Первыми под благословение батюшки подошли старые люди. Они целовали батюшке руку и троекратно с ним лобызались в обнимку накрест. Молодежь стояла в стороне в нерешительности. Потом комсорг колхоза "Изобилие" Катя бойко тряхнула льняными кудрями и подошла:

— Благословите, отче…

Какой-то молодой парнишка в толпе молодежи хихикнул, но сразу же оборвал смех и с серьезным лицом подошел к священнику:

— Благословите, батюшка…

Так и пошли все один за другим под благословение. А из раскрытых окон Дома Культуры уже гудел распорядительный бас диакона:

— Не так иконы повешены!… Осени себя крестом перед тем, как взять святой лик в руки!… Какой ты заведующий Домом Культуры, если ты не знаешь, как православный храм устроить?!…

После освящения Дома Культуры батюшка Амвросий кропил святой водой во все стороны и восклицал: "Изыдь, нечистая сила!" Покропил он, между прочим, и портреты вождей. К крыльцу стали подвозить молодых. По старому орешниковскому обычаю венчали все пары сразу. Пары чинно стояли перед аналоем. Невесты все в фатах, а женихи с белыми ромашками в петлицах пиджаков. Тырин, стоявший рядом со своей невестой, секретаршей райисполкома, в отличие от всех был в военной форме без погон и при всех орденах. Он долго сопротивлялся венчанию в церкви. Говорил, что члену райкома неудобно, что за это могут и партийное взыскание дать, но невеста уперлась: "Ну, и пусть дают! Великое дело — взыскание?! Венчаться хочу по-человечески…"

Сзади Тырина стоял член партии Пупин и дрожащей рукой держал над его головой венец.
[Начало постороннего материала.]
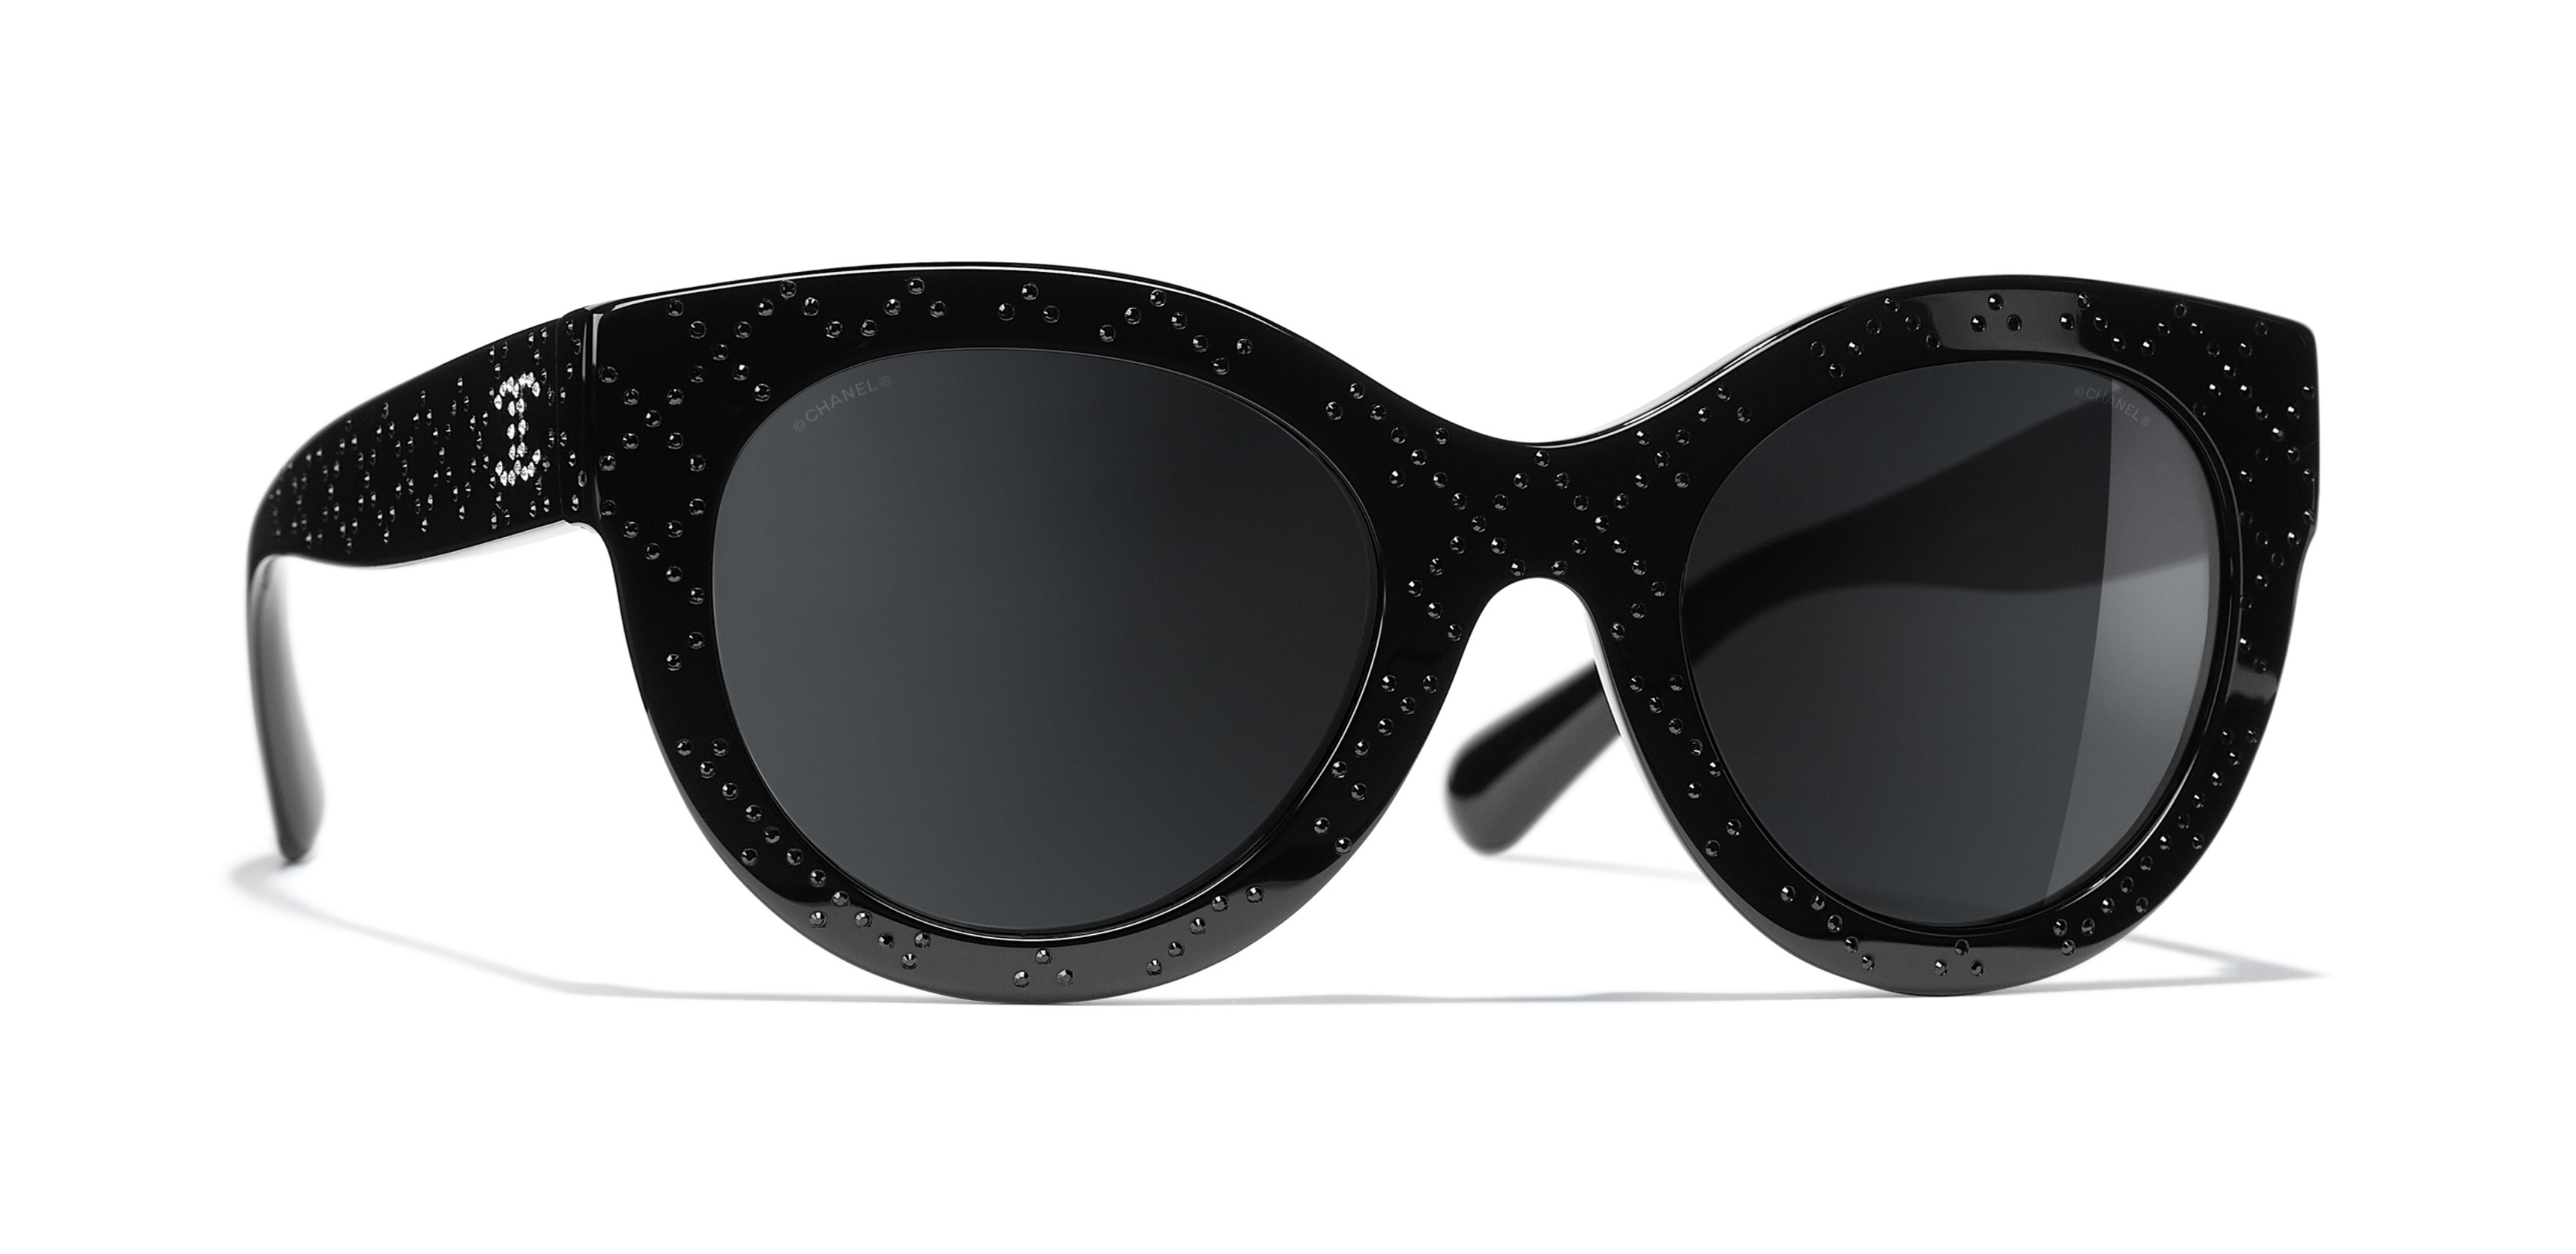 Chanel - Butterfly Sunglasses - Black Gray - Chanel Eyewear - Avvenice

— Жена да убоится мужа своего! — ревел рыжий диакон так убедительно, что даже старые сварливые жены с уважением стали посматривать на своих мужей. Тетка Лукерья со слезами умиления на глазах смотрела на свою дочь под венцом и истово била поклоны: "И как же легко на душе…" Лица у всех были торжественные и до неузнаваемости воодушевленные. А отец Амвросий старался изо всех сил: читал из Евангелия, кадил, водил молодых вокруг аналоя. Хор стройно пел, да так все затянулось, что только часа через три начались поздравления с бракосочетанием. Все очень устали, но все остались довольны, словно смыли люди с себя грязь и нечисть и теперь выглядели умытыми, сияющими и слегка разомлевшими от блаженства.
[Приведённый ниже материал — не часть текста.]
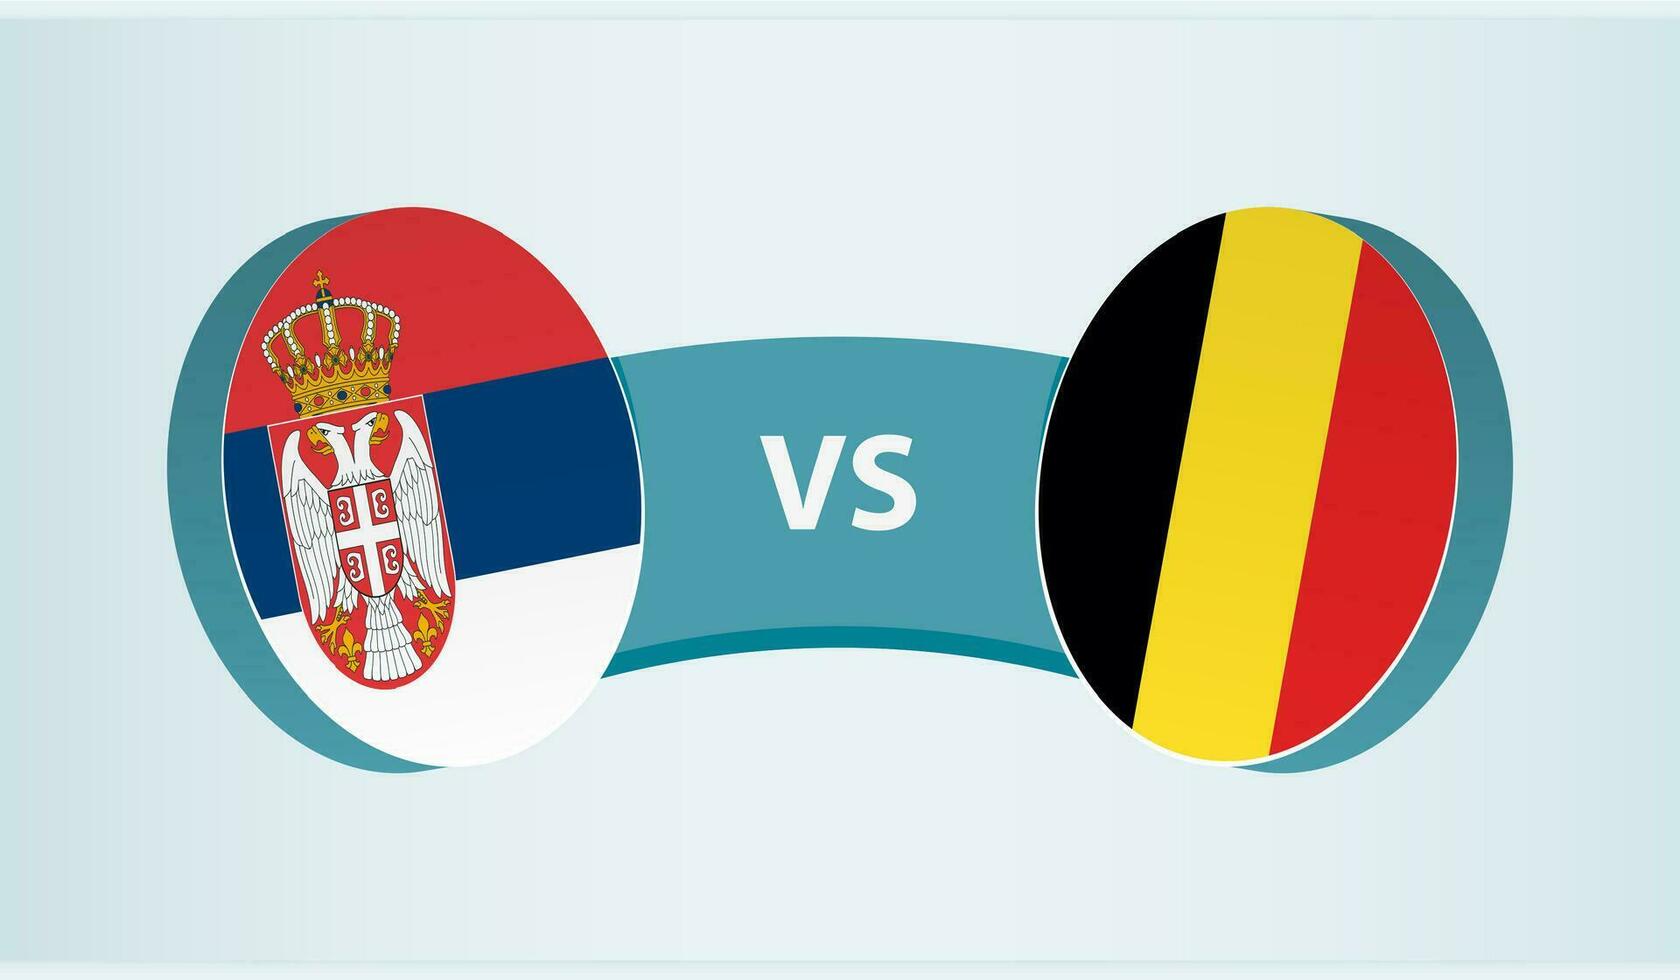 Servië versus belgië, team sport- wedstrijd concept. vector

— Душа же ты моя! — говорила тетка Лукерья комсоргше Кате. — И до чего же все хорошо, аж сердце замирает! И-и-и!… Голубушка!…

— Красиво, — соглашалась Катя и задумчивым, ничего не видящим взором смотрела на красный плакат на стене: "Социалистического воробья на мякину!"

Столбышев, одинокий и грустный, долго ходил по полям. Суслики поднимались на задние лапки и приветливо свистели ему из объеденной, нискорослой пшеницы. Жирные полевые мыши не спеша убегали с его пути и, не обращая внимания на осыпавшееся зерно, развлечения ради, подтачивали стебли. Широко распластав крылья, высоко в небе парил орел, но и он делал это только по привычке, ибо был сыт по горло. Кругом была картина благодушия, сытости и спокойствия.

Столбышев ее не замечал. Мыслями он был далеко в прошлом. Вот отец его приходит с завода. Худой, высокий, с висячими усами, какие обыкновенно носили все мастера. Он умывается над тазом и долго причесывает гребенкой усы. Делает он все это молча и степенно. Мать, небольшая, пухленькая, похожая на спелое румяное яблочко, деловито постукивает рогачами и кочергами у печи. Скоро на столе появляется миска, а в ней душистые щи с мясом. Отец крестится и молча садится за стол. Мать стоит, скрестив руки на животе под передником.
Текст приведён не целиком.